Всю оставшуюся жизнь я готов посвятить тому, чтобы заставить себя забыть профессора Боро, и то, что он — полный абсурд! — сидел здесь, напротив меня, на этом настоящем деревянном стуле. Мысль об этом досадном, и к тому же, вероятно, иллюзорном, происшествии причиняет мне беспокойство, и я готов со всем усердием, на которое только способен, постараться изгнать его из памяти. Настоящий японец, здесь, беседует со мной, да еще и не говорит ничего нелепого и противоречивого! Нет. Он точно из Лиссабона, и зовут его Жозе. Впрочем, это, конечно, фигуральное выражение. С таким же успехом можно сказать, что его имя Маквиски и родом он из Инвервенесса. Определенно утверждать здесь можно только одно — он не настоящий японец, приехавший с визитом в Лиссабон. Если бы я согласился с этим, мне пришлось бы также признать, что всю нашу науку, все наши тщательнейшие исследования может перечеркнуть и опровергнуть первый попавшийся случайный проходимец.

Профессор Боро, из Университета Токио? Из Токио? Университет Токио? Но ведь ничего подобного не существует. Все это не более, чем иллюзия. Люди неразвитые и неумные придумали себе для удобства такую Японию — созданную по образу и подобию Европы, этой несчастной Европы — безнадежно реальной. Мечтатели! Жертвы иллюзий!

Мне достаточно всего один раз взглянуть на этот чайный сервиз, и сразу станет понятно, что все разговоры о реальной Японии, о коммерческой Японии, о военной Японии — не более чем вздор. Как будто напрасно лучшие представители нашей эпохи трудились для того, чтобы она могла называться научной. Настоящие японцы, живущие в трех измерениях, у которых есть своя земля, свои пейзажи?! Все это басни для простого народа. А тех, кто долго и старательно постигал науку — не обмануть…

 

Декоративная хроника II

Сегодня мне стало известно, что Персия действительно существует. И эта новость мне не понравилась. Я думал, что Персия — это такое специальное название, которое придумали, чтобы говорить о красоте узоров на некоторых коврах. И вот, как говорят, один современный исследователь сделал открытие — Персия существует. И хотя современные исследователи, как и все ученые, более, чем другие люди, склонны к различного рода заблуждениям, один знакомый журналист сказал мне недавно, что этому открытию можно доверять. Но если это действительно правда (я все же еще сомневаюсь в этом), хотелось бы знать, как мы теперь будем называть персидские ковры. И какое теперь, кстати, наименование будет у персидской поэзии.
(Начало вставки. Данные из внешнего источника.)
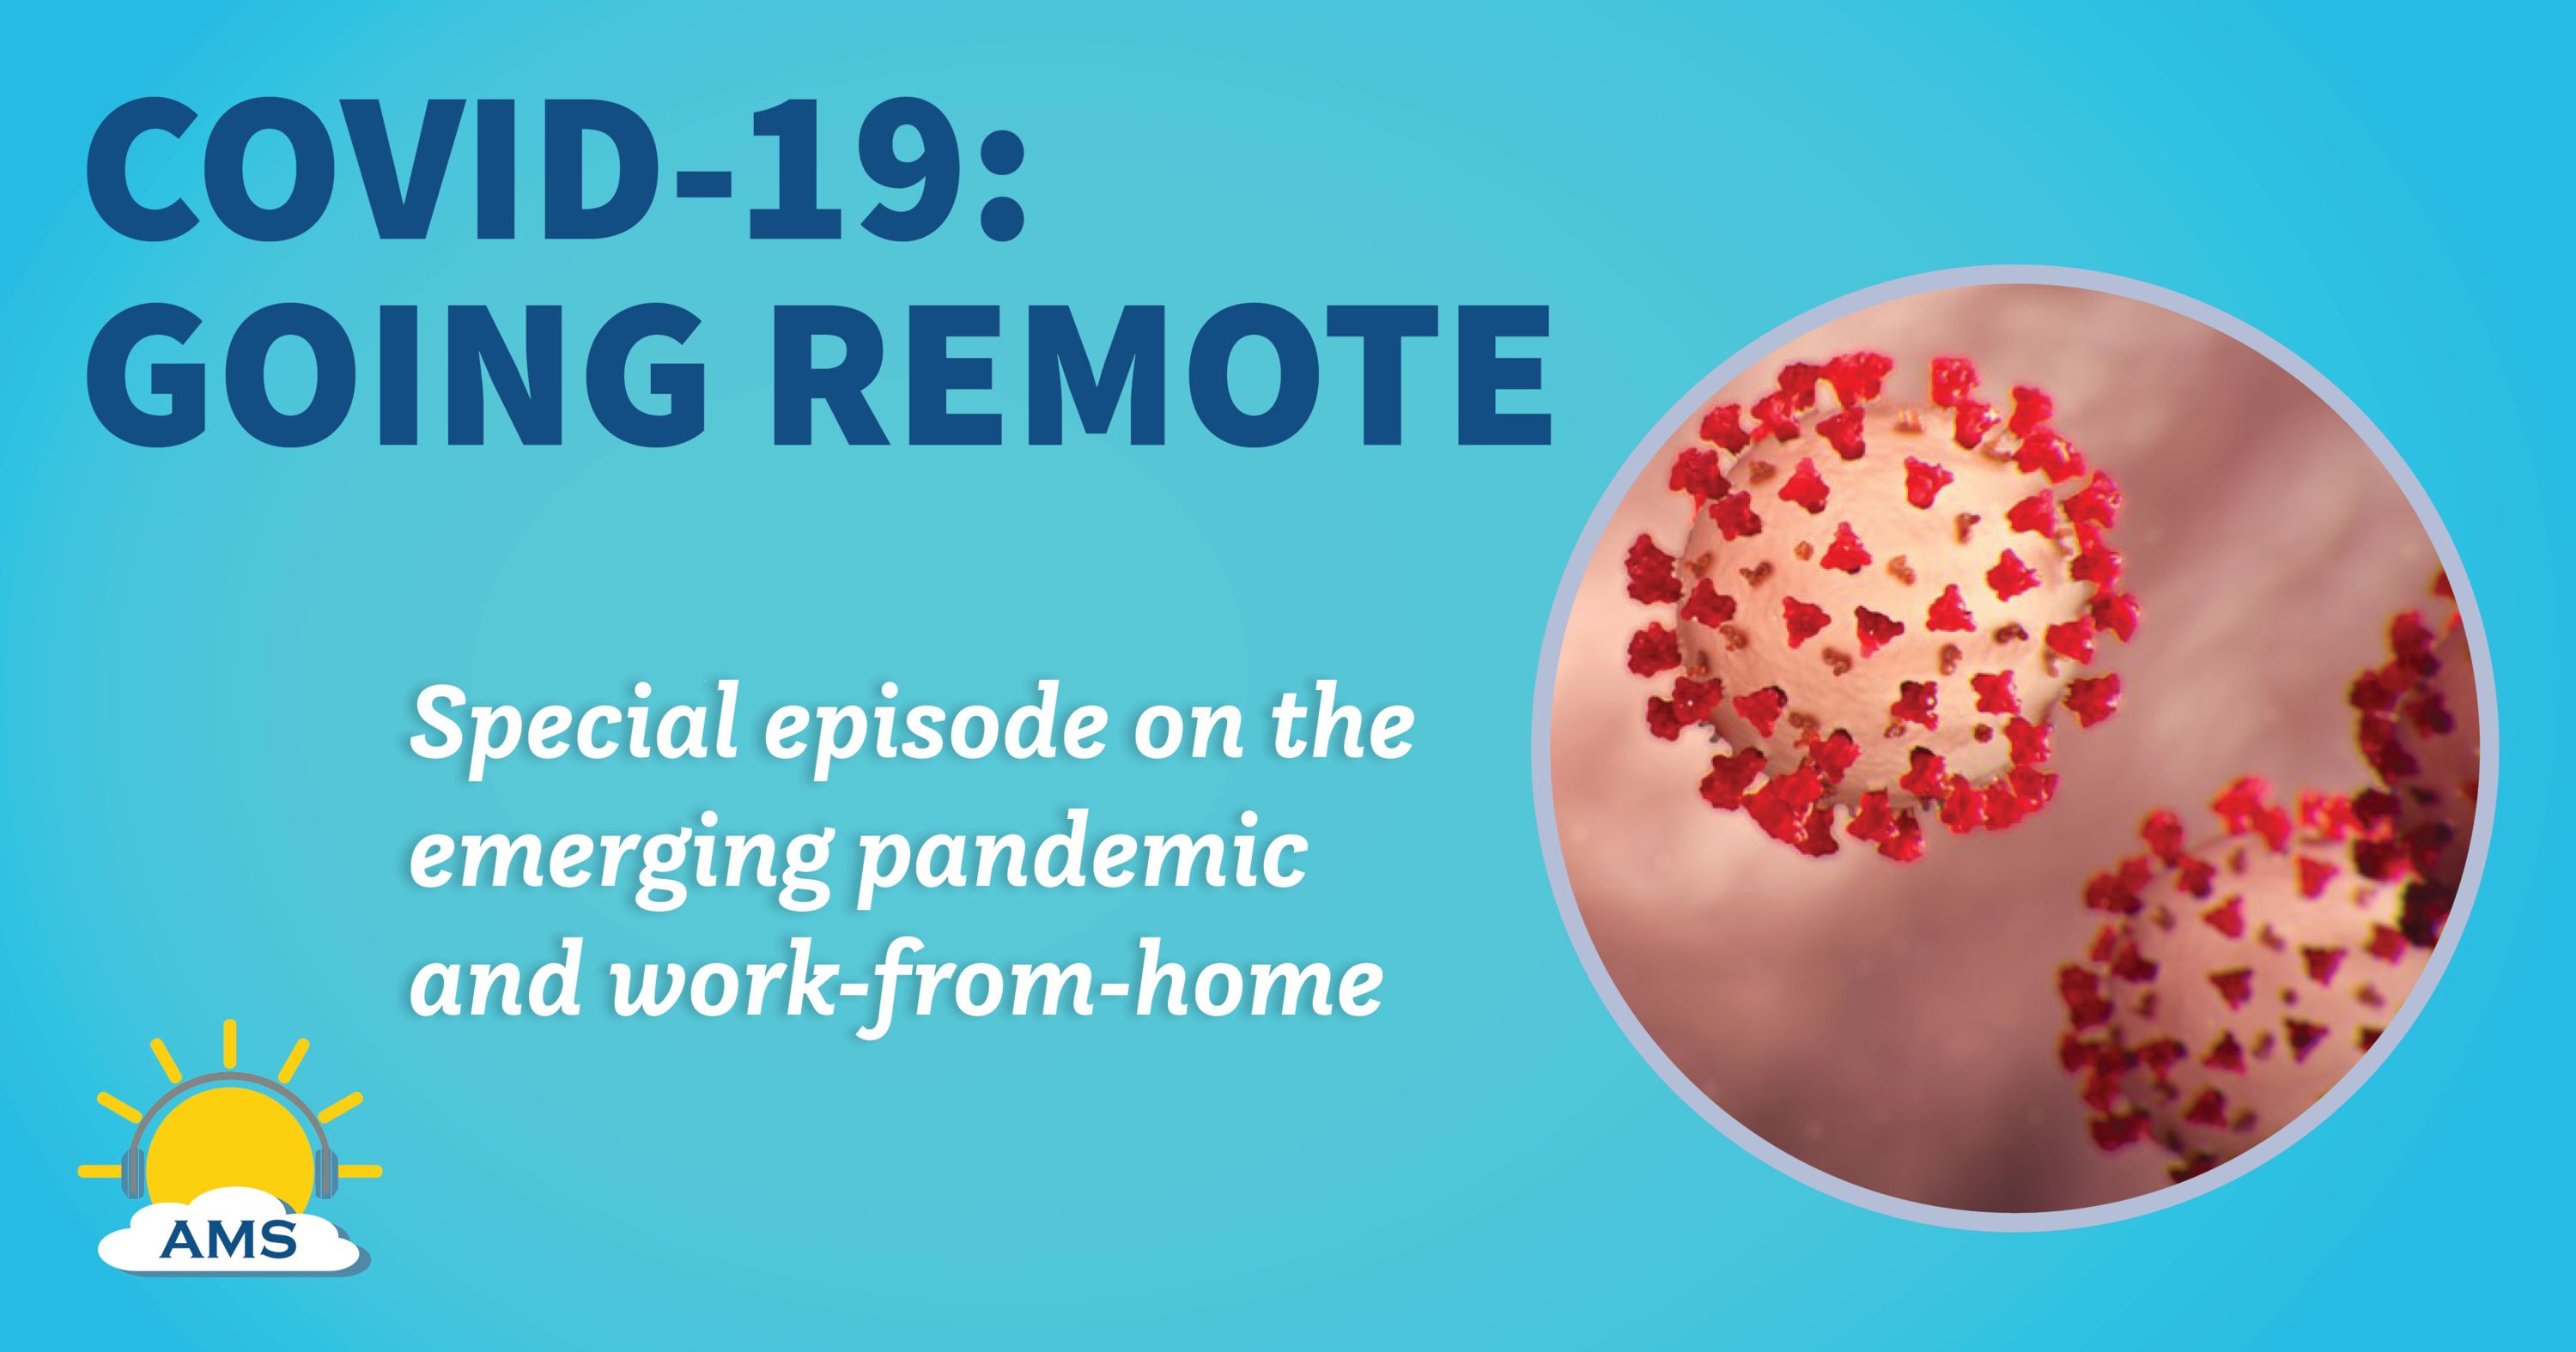 graphic collage with microscopic illustration of COVID-19 virus and teaser text that reads &quotspecial episode on the emerging pandemic and work-from-home"

В связи с этим открытием я хотел бы высказать свое мнение о том агрессивном, можно сказать, наступлении науки, которая вторгается в наше мировоззрение. Ведь если продолжать в том же духе, можно и Южный полюс признать реальным и существующим. Да что там полюс, если дальше так пойдет — недалек день, когда мы будем думать, что стоит нам лишь вообразить какую-нибудь средневековую королеву, и она тут же постучится в дверь нашей современной реальности, или пошлет служанку известить нас о своем прибытии.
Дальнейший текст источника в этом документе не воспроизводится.